» Directions for this task: Once the pictures are set aside, transcribe the remaining data exactly.

--- Dataset section Enclosed Below ---

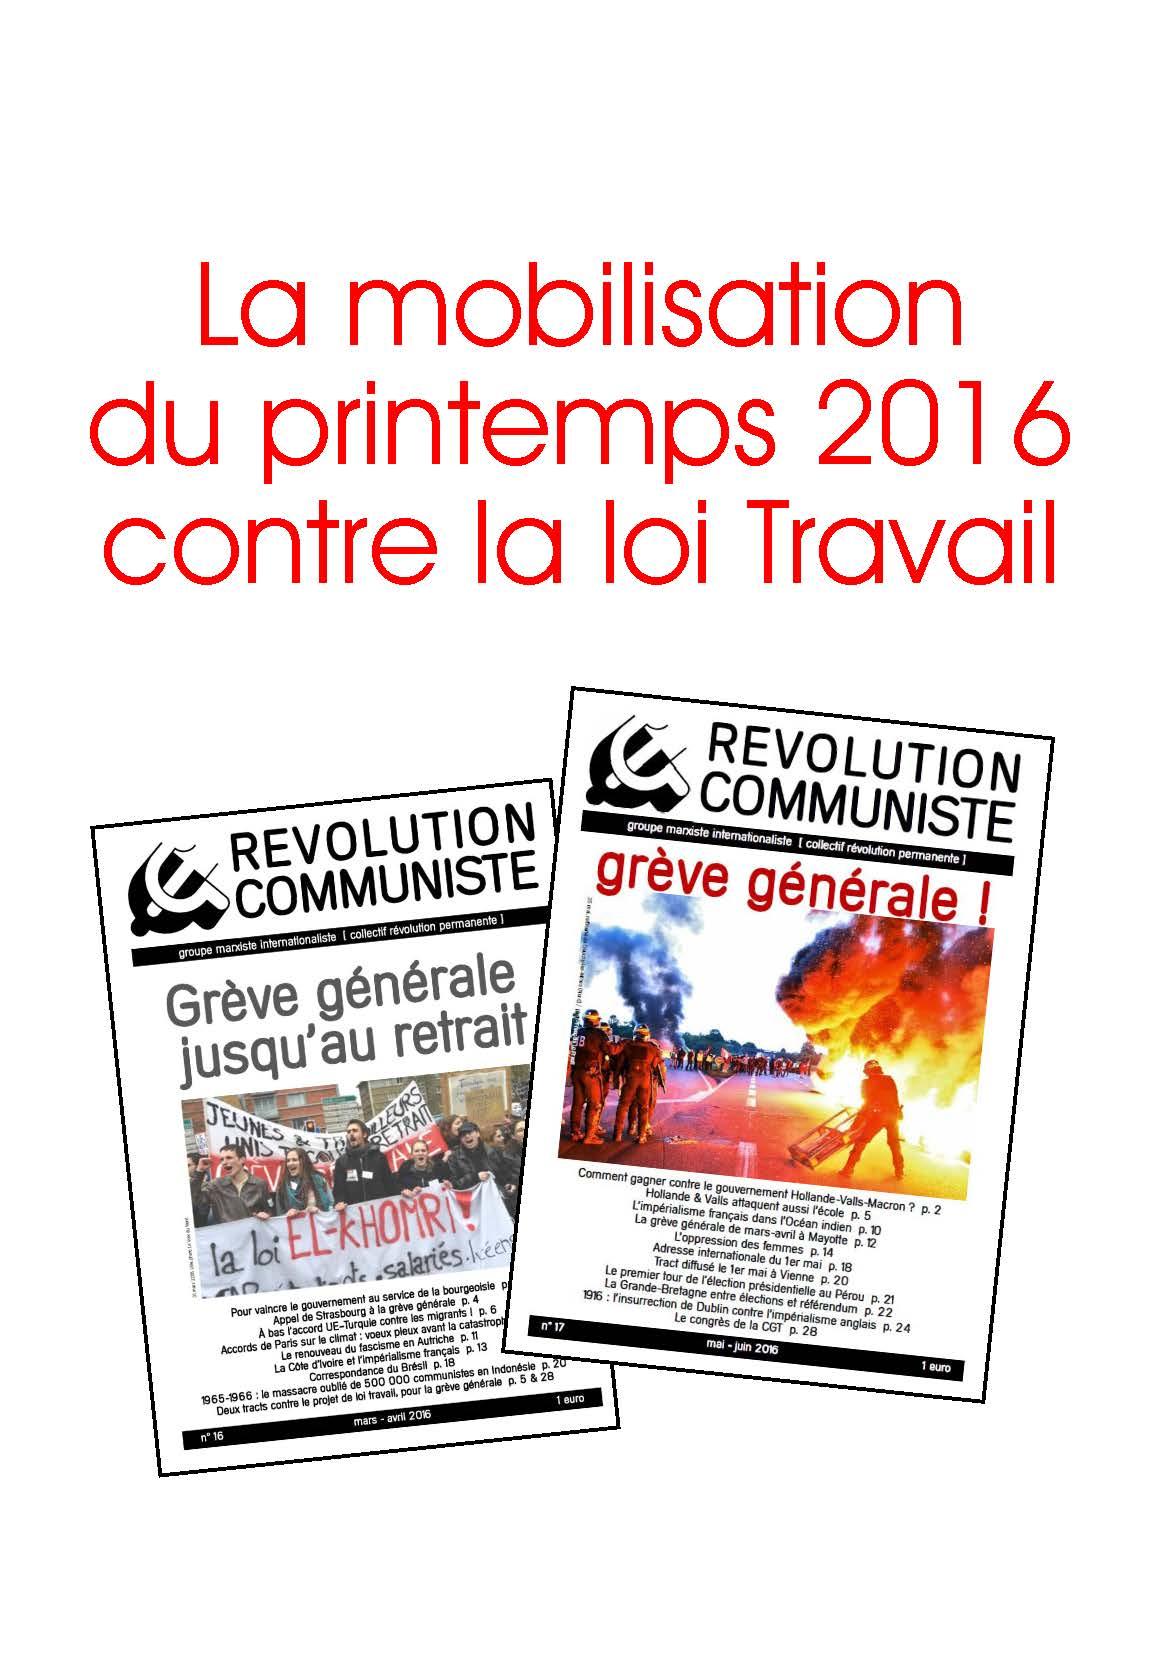 La mobilisation du printemps 2016 contre la loi Travail
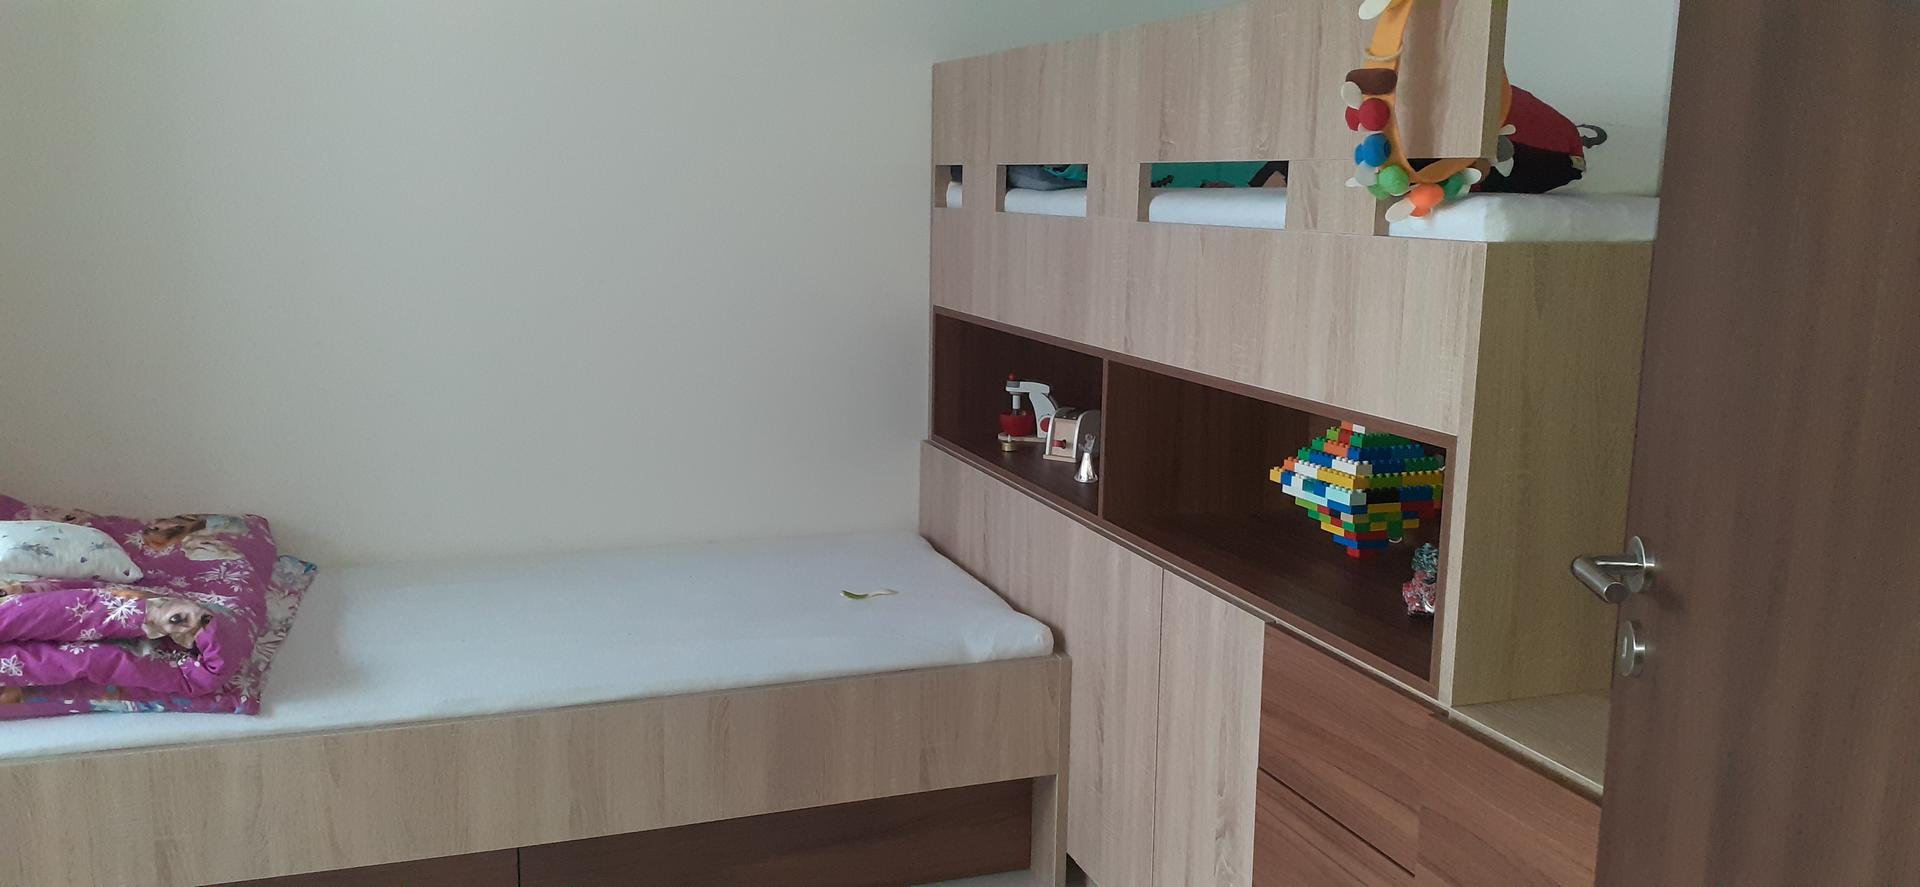 Dětský pokojíček - Obrázek č. 2
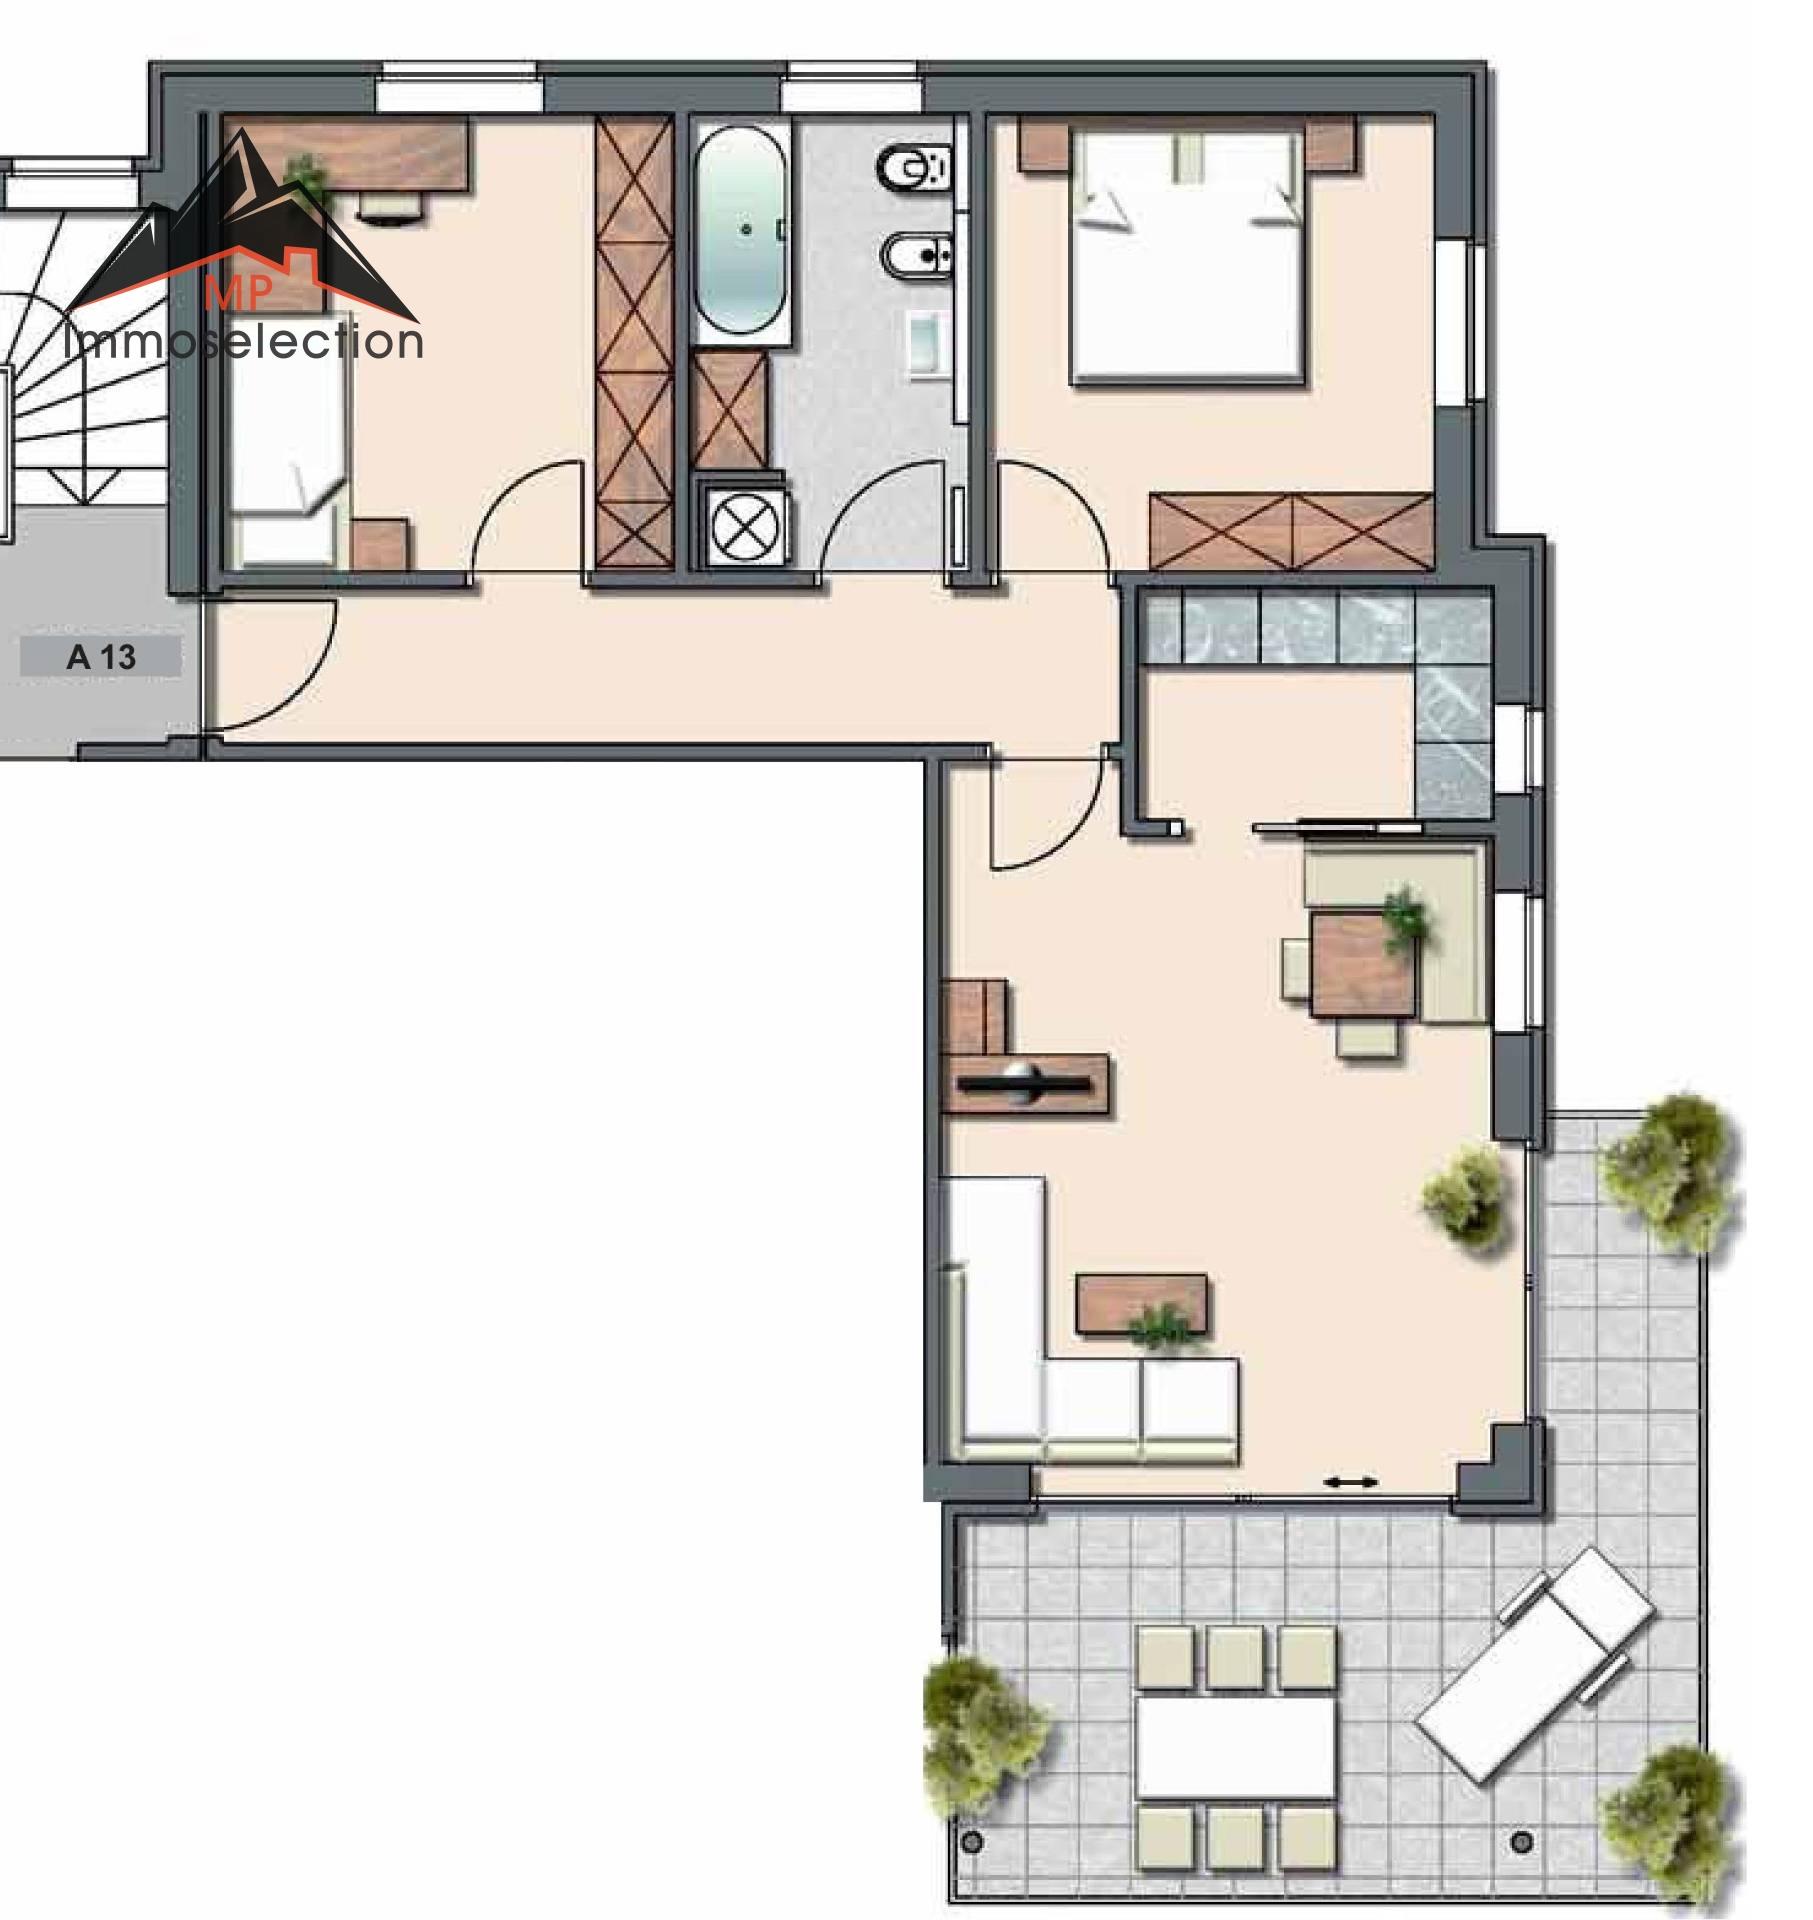 Appartamento in Vendita a Brunico - Bruneck Cod. BK1067-A13
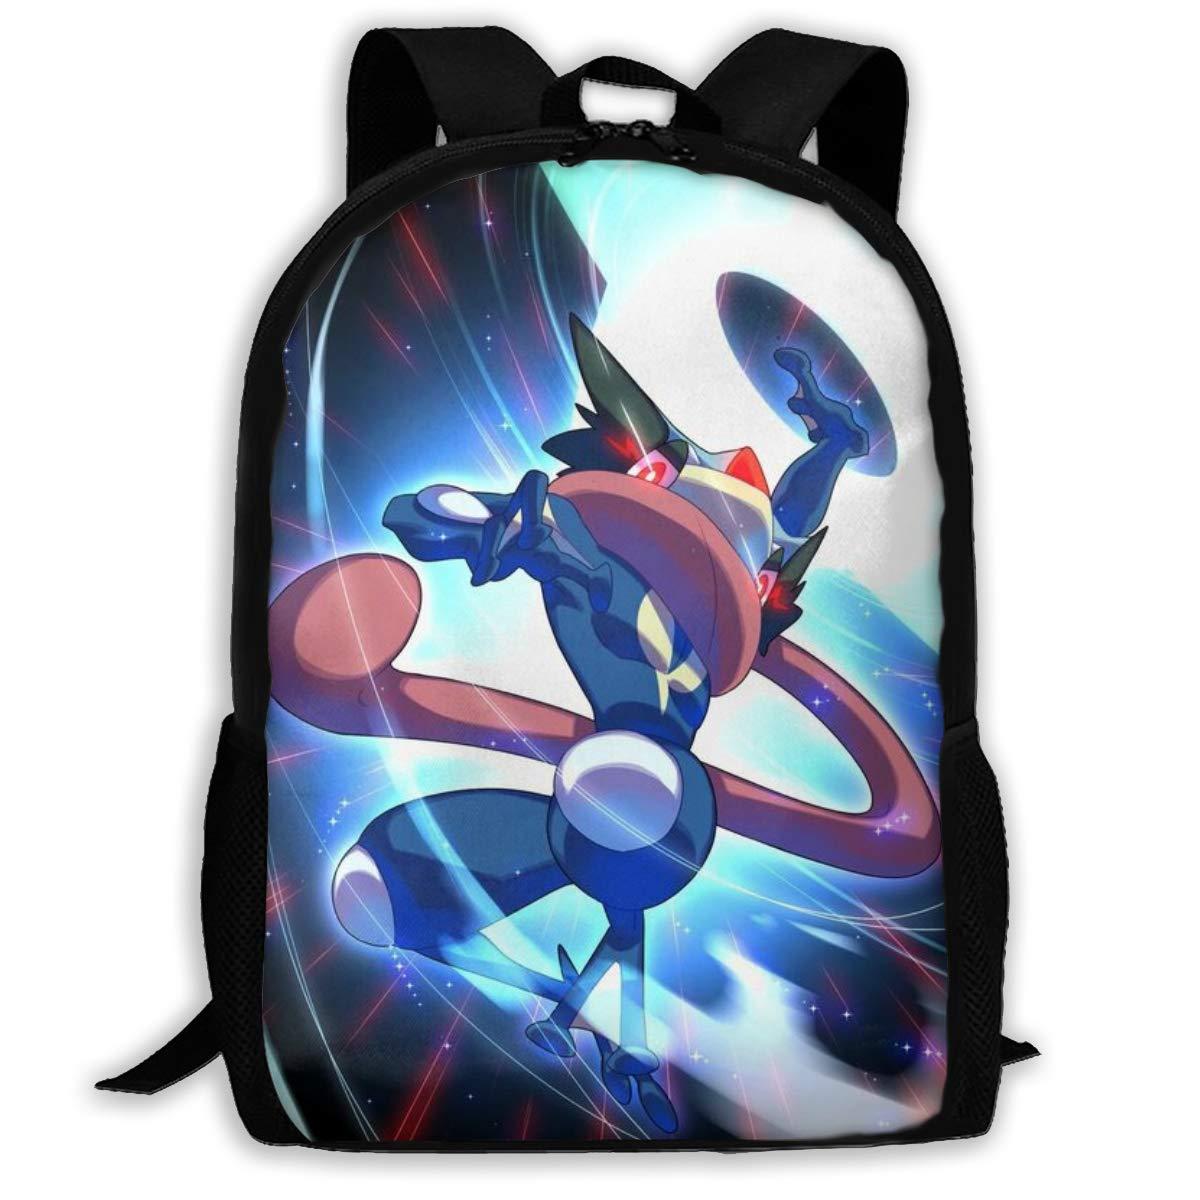 Amazon.com: Rnlika Gre-Ninja Kids School Backpack Durable ...

--- End of Enclosed Dataset section ---

» Solution below:
 La mobilisation du printemps 2016 contre la loi Travail
 Dětský pokojíček - Obrázek č. 2
 Appartamento in Vendita a Brunico - Bruneck Cod. BK1067-A13
 Amazon.com: Rnlika Gre-Ninja Kids School Backpack Durable ...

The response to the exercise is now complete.